Abstract: Many natural products of biological interest contain [6,5]- and [6,6]-spiroketal moieties that can adopt various configurations, benefiting or not from anomeric conformation stabilizing effects. The spiroketal fragments are often important for the biological activity of the compounds containing them. Most stable spiroketal stereoisomers, including those benefiting from conformational anomeric effects (gauche conformers can be more stable than anti conformers because of a contra-steric stabilizing effect), are obtained easily under acidic conditions that permit acetal heterolysis (formation of tertiary oxycarbenium ion intermediates). The synthesis of less stable stereoisomers requires stereoselective acetal forming reactions that do not permit their equilibration with their most stable stereoisomers or, in the case of suitably substituted derivatives, concomitant reactions generating tricyclic products that quench the less stable spiroketal conformers.
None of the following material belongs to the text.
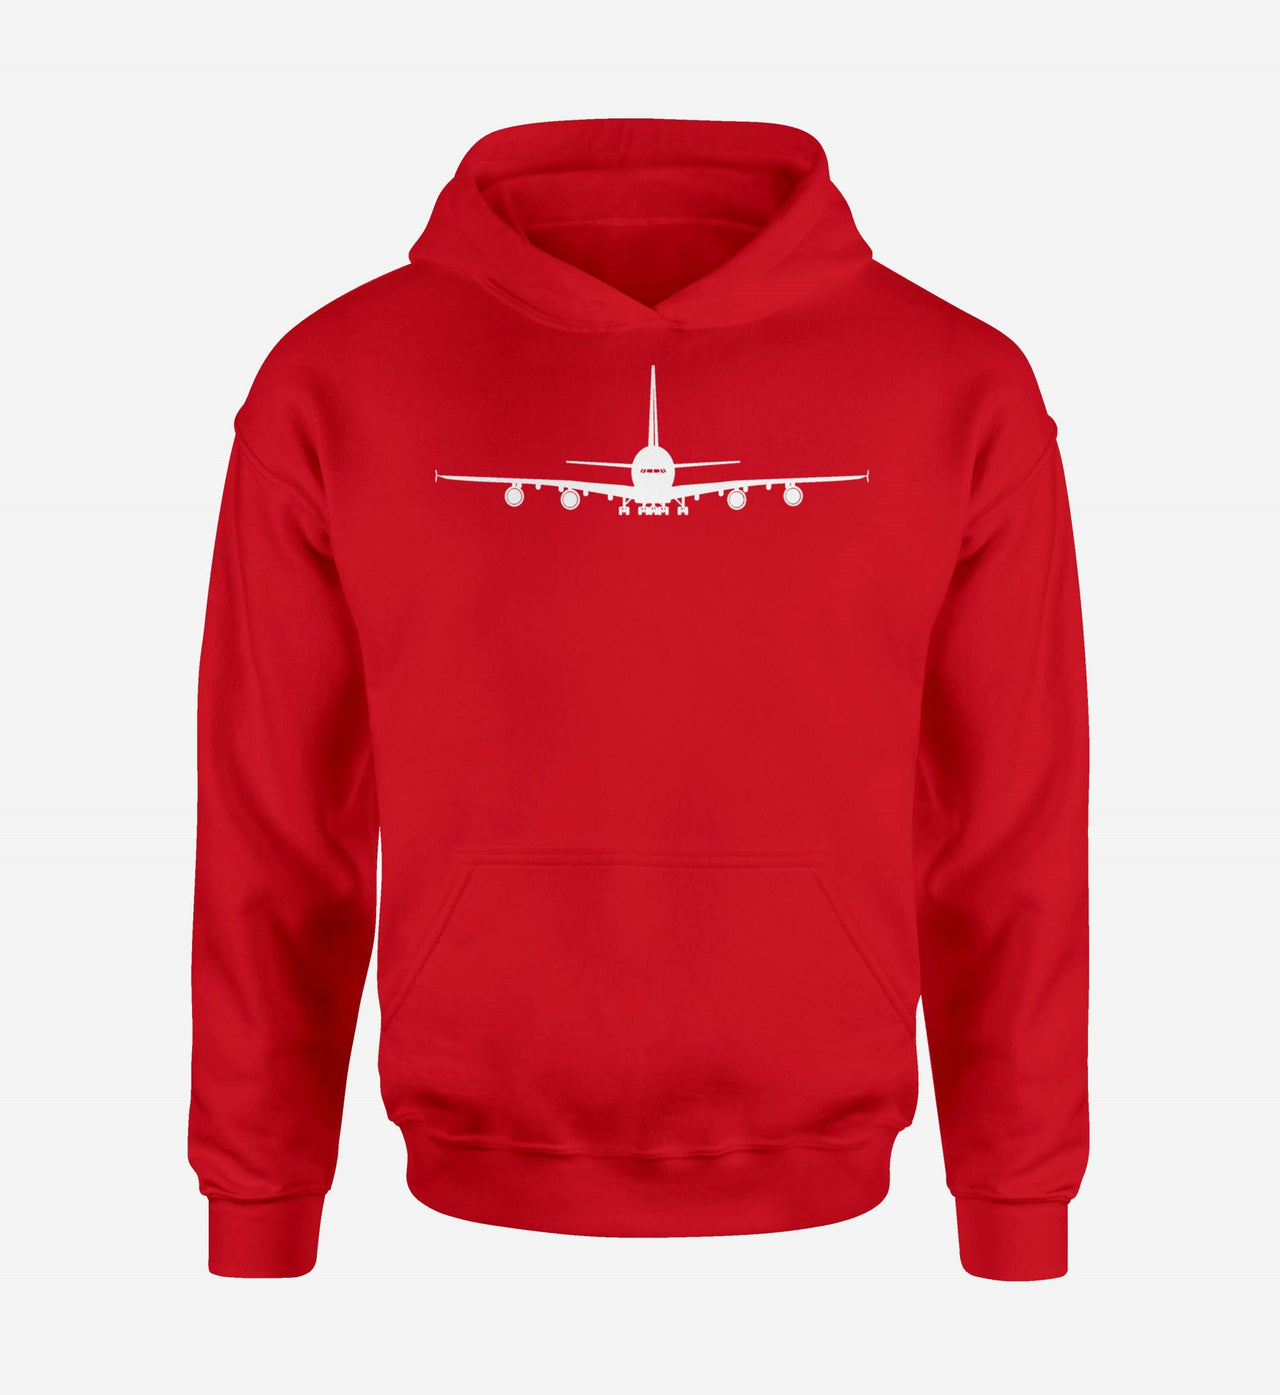 Airbus A380 Silhouette Designed Hoodies

Ingenuous approaches have been recently developed for the synthesis of naturally occurring [6,6]- and [5,6]-nonanomeric spiroketals and analogues. The identification of several parameters that can influence the stereochemical outcome of spirocyclization processes has led to seminal improvements in the selective preparation of the non-anomeric isomers that are discussed herein. This review also gives an up-dated view of conformational anomeric effect which represents a small fraction of the enthalpic anomeric effect that makes gem-dioxy substituted compounds much more stable that their 1,n-dioxy substituted isomers (n > 1). Although models assuming sp3-hybridized oxygen atoms have been very popular (rabbit ears for the two non-bonding electron pairs of oxygen atom), sp2-hybridized oxygen atoms are used to describe the conformational anomeric effect.